A Second Warm Welcome to Wireless Mesh Networking

Mesh NodesRemember low power wireless mesh networks? A decade ago they were the cover story in virtually every technical magazine. Industry analysts were raving about them. They were spawning one new startup after another. Folks everywhere were dazzled by promises of ultra-resilient, micro powered, wireless networks that would have more than enough bandwidth to handle sensor and I/O data traffic.

I was no exception. They had me at “hello”.

So I jumped right on board. B+B SmartWorx collaborated with a number of different startups. We helped evaluate their technology. We built many of their prototypes and development kits. We put together pilot projects that we tested with beta customers. It was all very exciting.

But, in the end, the technologies of the day couldn’t meet our expectations. Those old wireless mesh networks fell short on resilience. Their power consumption was still too high. And they were guilty of one of the worst sins in industrial networking – they weren’t easy to use. Early wireless mesh tech could be very useful in the appropriate applications, but it definitely wasn’t the Next Big Thing.

Take ZigBee, for example. It was demonstrably unreliable in harsh RF environments. Its dependence upon powered “meshing” nodes was a serious weakness. In the end, Zigbee could only succeed in applications where intermittent data connections were acceptable. ZigBee has found comfortable niches in areas like home automation and smart lighting, but the industrial process world largely rejected it.

But technology never stands still. A lot of development was done on top of the IEEE802.15.4 physical layer, the low cost physical layer common to all of the meshing technologies. And in 2012 the IEEE802.15.4e standard added standardized time synchronized channel hopping. Low power wireless mesh networking became an attractive proposition again, and new options became available. The backers of the wired HART protocol, for example, combined some of the most robust of the new mesh technologies into a wireless-Hart solution, which has been proven to successfully carry mission critical data for process control in some of the harshest RF environments.

Another option is SmartMesh IP, from Linear Technology’s Dust Networks group. SmartMesh IP is built for IP compatibility, and is based on 6LoWPAN and 802.15.4e standards. Compared to competing solutions SmartMesh IP uses up to eight times less power, even in harsh, dynamically changing RF environments. Cost effective, IP compatible, and highly scalable, SmartMesh IP is an excellent way to create smart, low power network infrastructure, and an impressive derivative of those early days of wireless mesh networks.

What issues does a good mesh networking technology resolve?

  • Network nodes must function on micro-power. We want to be able to place wireless sensor nodes in inconvenient locations where power might not be available.
  • Every node on the network must be a low power, repeating mesh node. Much of the elegance and scalability of a wireless mesh network is lost if users have to flesh out the network with special nodes that require more power. That’s just a lot of extra infrastructure without value. This was one of Zigbee’s weaknesses.
  • To reserve power, each node must be able to sleep, and it must make efficient use of its awake time. Collision avoidance should be built in so that radios don’t stay awake when it isn’t necessary.
  • Multipath interference is unavoidable in real life environments. The wireless mesh system must dynamically recognize interferers and adapt its channel usage to avoid channels that have been rendered useless by multipath fading.
  • Local wireless environments are always changing, so the system must have true path diversity and it must be able to manage it dynamically.

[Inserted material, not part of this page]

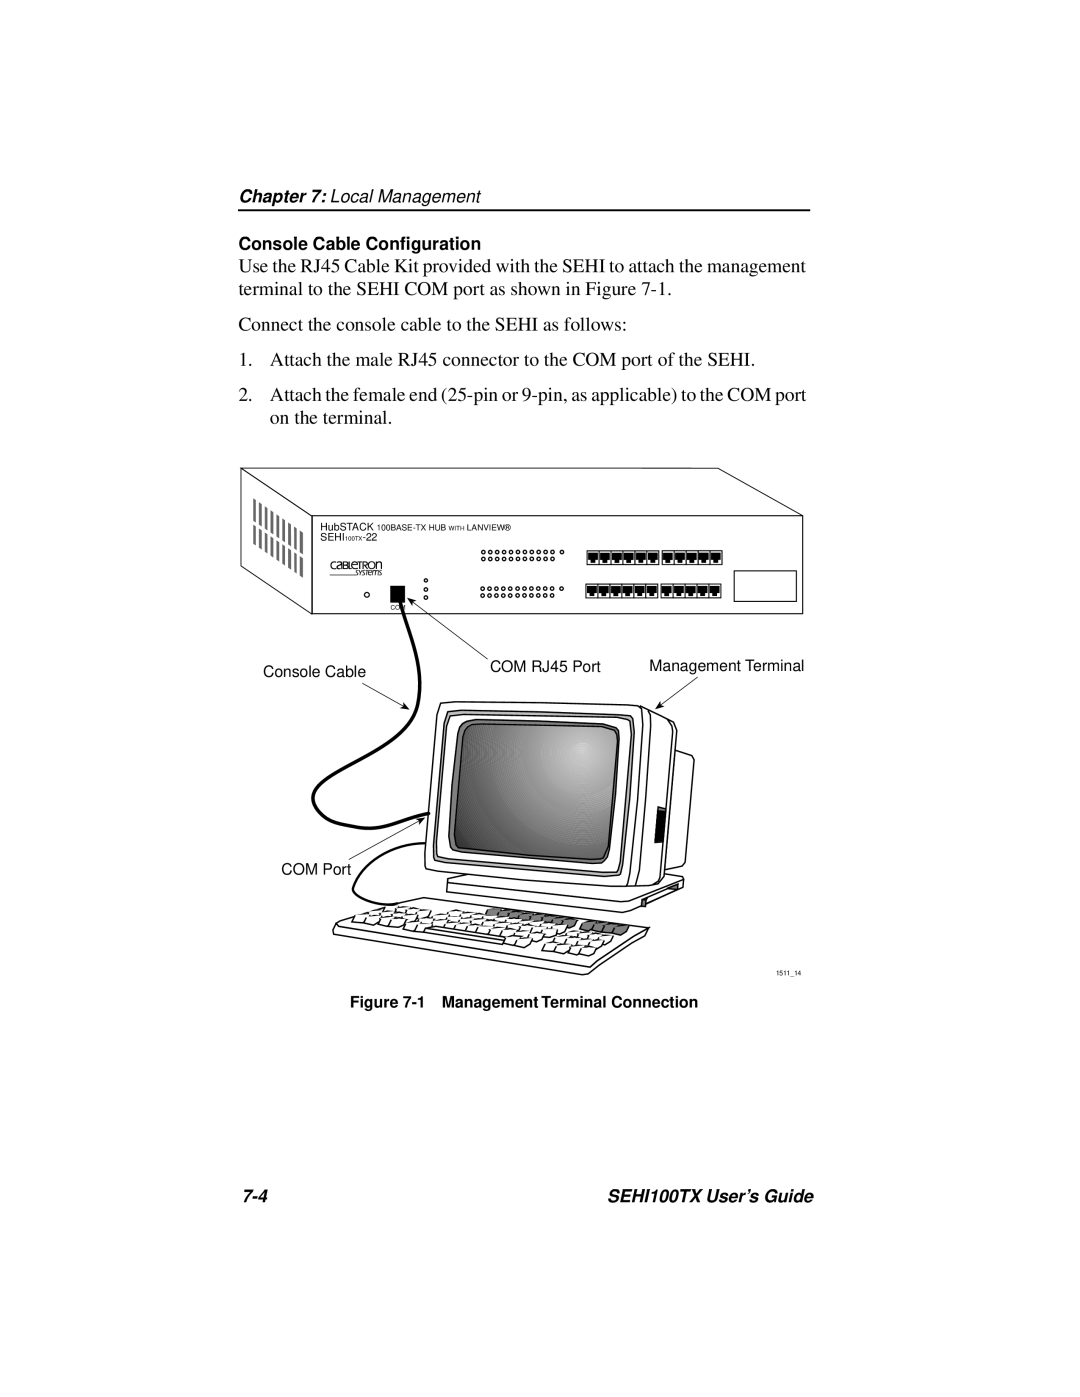 Cabletron Systems SEHI100TX-22 manual Connect the console cable to the SEHI as follows 
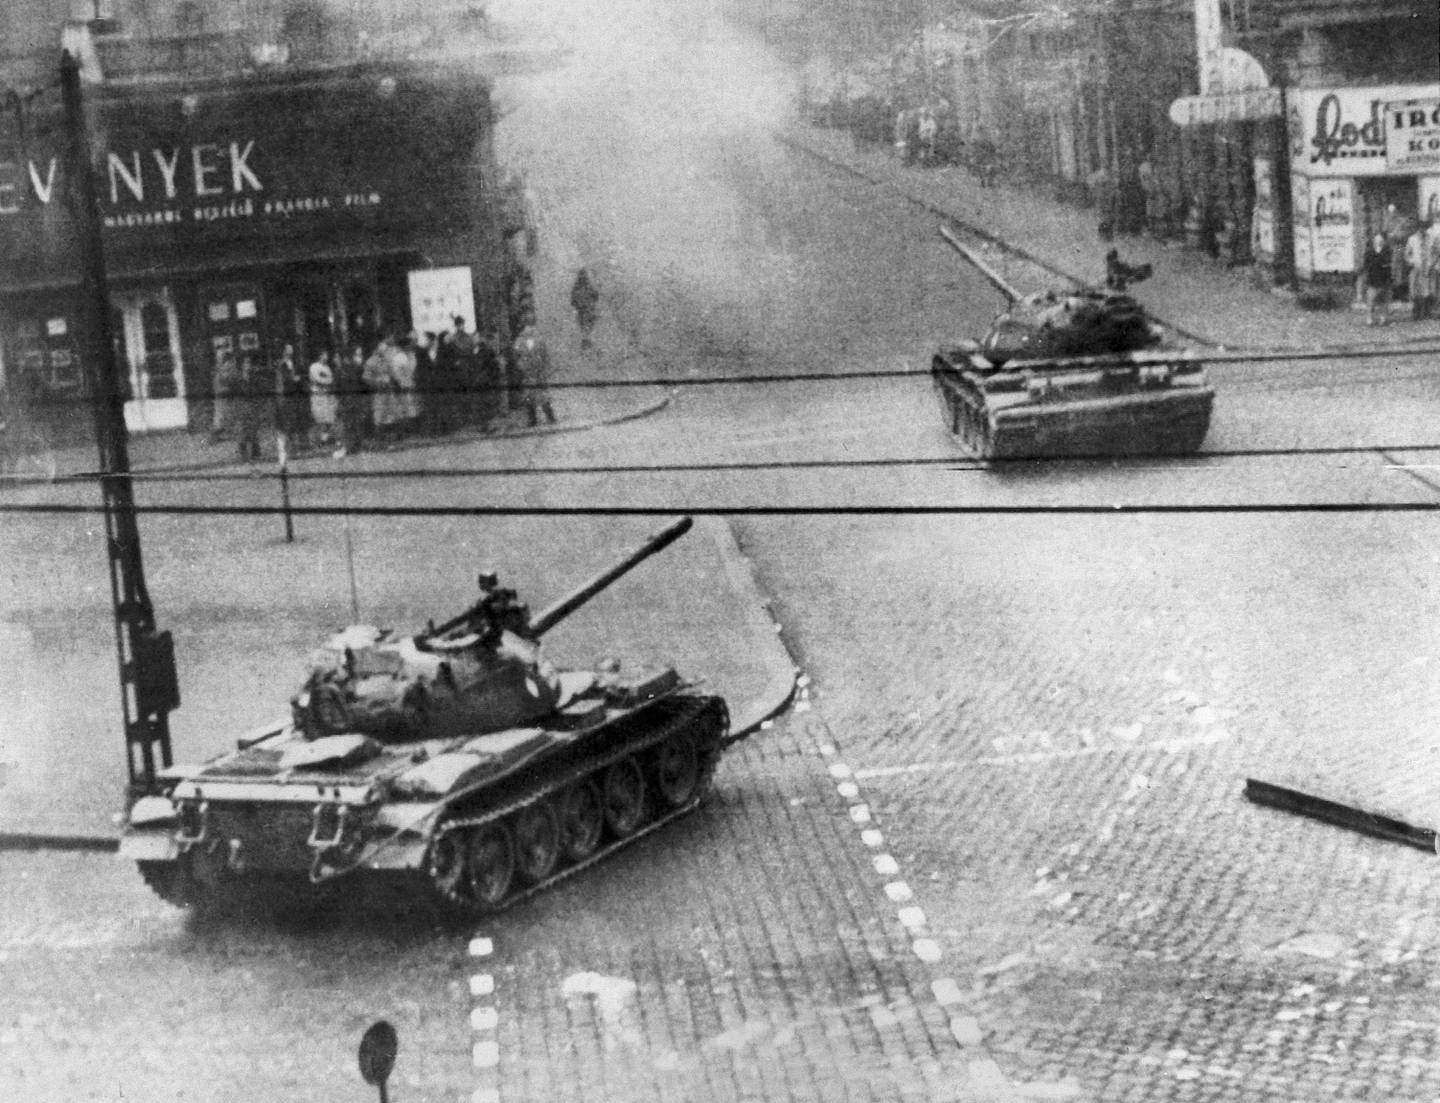 Soviet-built tanks wheel into action in a smoke-filled Budapest street in Hungary's flaring revolution against communist satellite government, Oct. 27, 1956. Citizens stand close to building fronts to stay out of the line of fire. Many Hungarian Army units reportedly have gone over to the rebels in fighting against police and units of the Soviet Red Army. (AP Photo)

If you put all of those ingredients together you end up with a wireless mesh network that can potentially give you 99.999 percent reliability. That’s orders of magnitude better than single path wireless. And because that reliability is a result of architectures that avoid problems rather than indulging in retries, error corrections, and endless delays, you’ve got a power consumption profile that supports outstanding battery life and even opens the door to energy harvesting applications.

When combined with a gateway that gives it access to the Internet, there’s no reason that a low power wireless mesh network shouldn’t send its data all the way up to the cloud. That adds some real magic. Not only can the mesh network position remote sensors and collect data from locations that were formerly impractical, thanks to considerations like available power, cable connections or the RF environment, it can now feed that data to cloud-based applications that will combine it with other inputs to produce sophisticated business decisions. These cloud-based applications will give low power wireless mesh networks even more value, weaving them into the larger fabric of the industrial M2M “Internet of Things”.

There have been a few false starts and a few wrong turns. But after a decade of development, low power wireless mesh networking has finally arrived. And I couldn’t be more pleased. It’s been awhile, but welcome back, old friend.